1. Technical Field
The present disclosure relates to aerodynamic structures for use with aircraft in general, and to methods for manufacturing such aerodynamic structures in particular.
2. Background Information
On certain aircraft such as commercial airliners, tankers, airlifters and transport aircraft, aircraft engines are typically mounted in nacelles that extend from pylons under the wing. In many aircraft, the leading edge of the engine nacelle is positioned forward of the wing leading edge. At high angles of attack, the engine nacelle sheds a wake. For aircraft where the engine nacelles are mounted in close proximity to the wing, the nacelle wake may flow over the wing leading edge and along the upper wing surface. Although the nacelle wake can be aerodynamically favorable under certain flight conditions, at high angles of attack close to the stalling angle where maximum lift is typically achieved, the nacelle wake can cause flow separation along the upper surface of the wing. Such flow separation may result in a reduction in the amount of lift that is producible by the wing in comparison to what might be achievable absent the nacelle wake.

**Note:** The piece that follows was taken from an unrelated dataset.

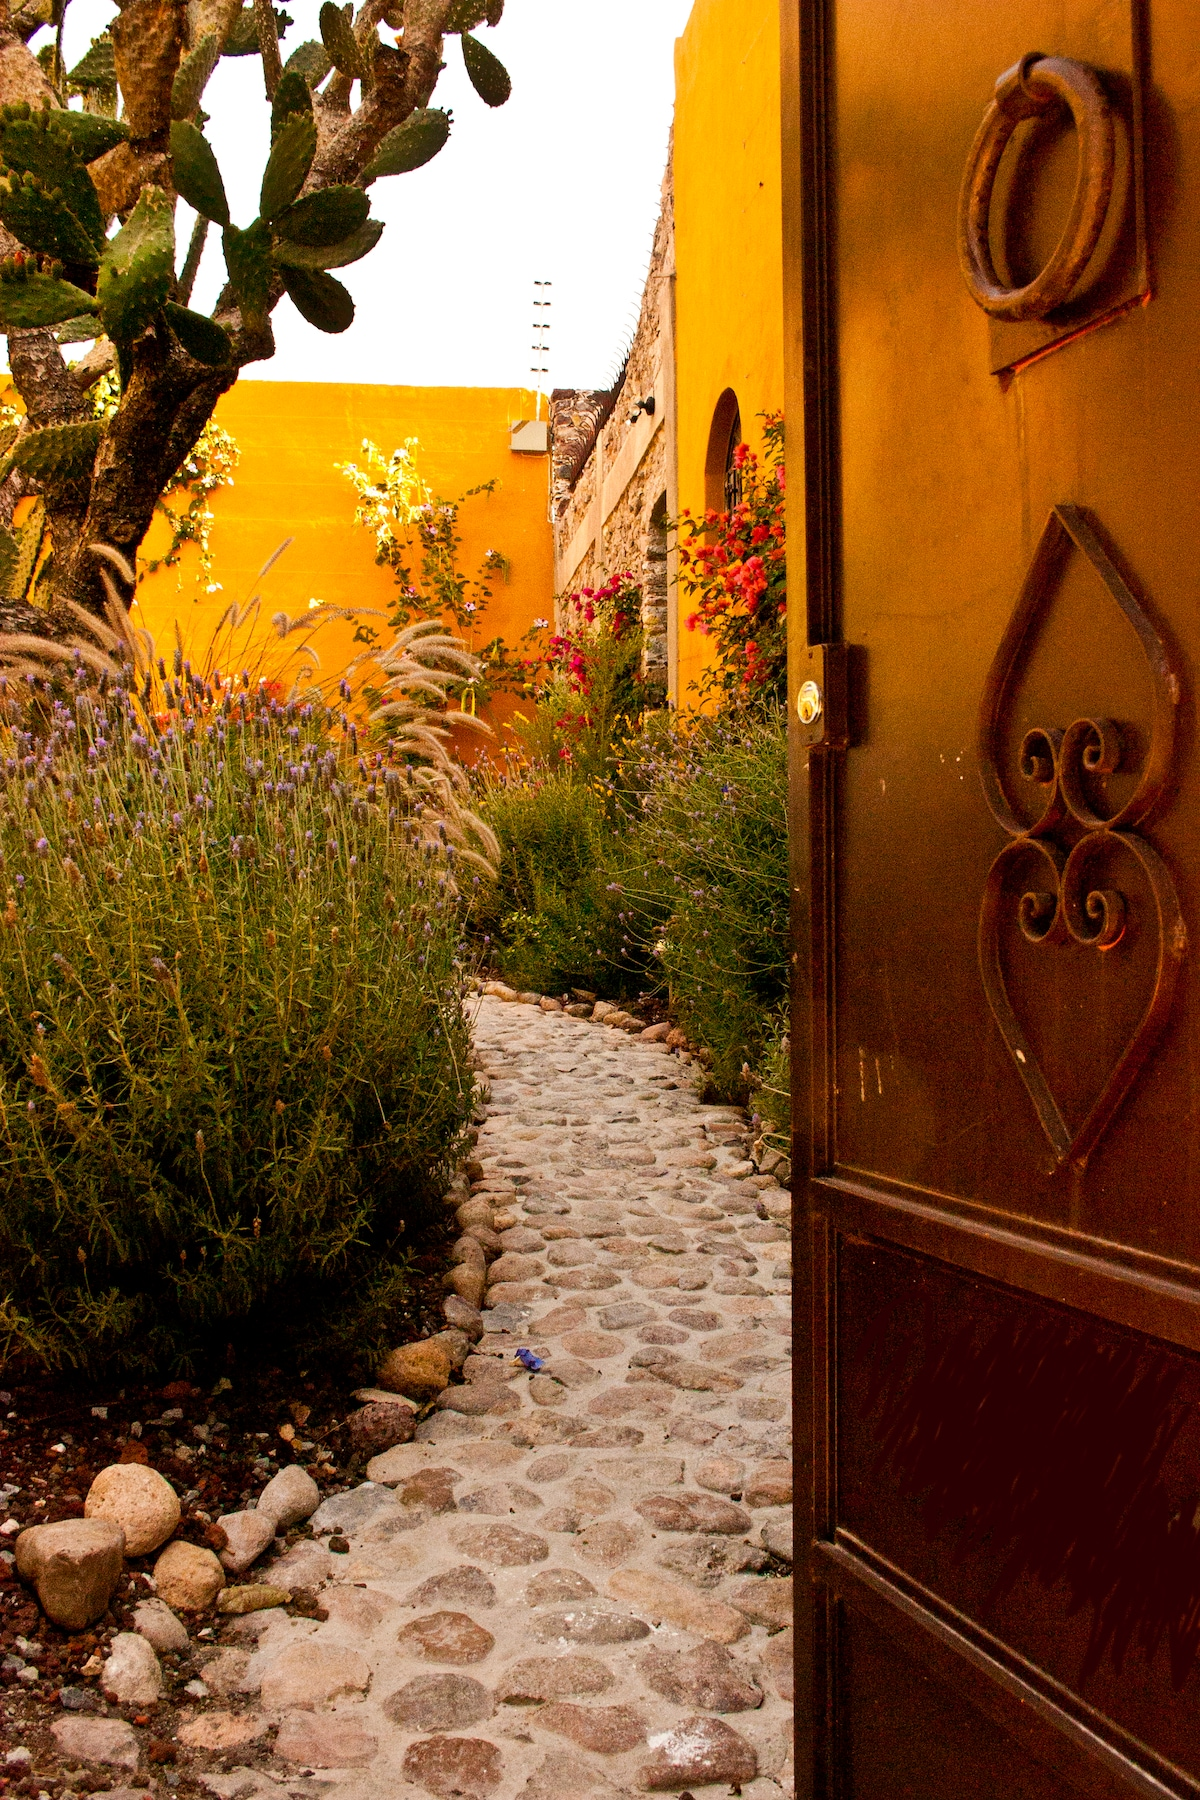 Private Entrance Off Street thru Garden

Aircraft manufacturers have addressed the above-described flow separation phenomenon by installing various vortex-generating devices such as strakes (sometimes referred to as “chines”) on the outer surface of the engine nacelle. The strake is typically mounted on a side of the engine nacelle and is sized and positioned to control the separation of the nacelle wake by generating a vortex that interacts beneficially with the wing upper surface boundary layer in order to reduce flow separation.
Historically, strakes have been manufactured from metal (e.g. aluminum) and from thermoset polymer laminates. Strakes manufactured from such materials can be challenging to manufacture and are often relatively expensive. It would be desirable to provide a strake and method of manufacture that facilitates the manufacture and decreases the cost of the strake.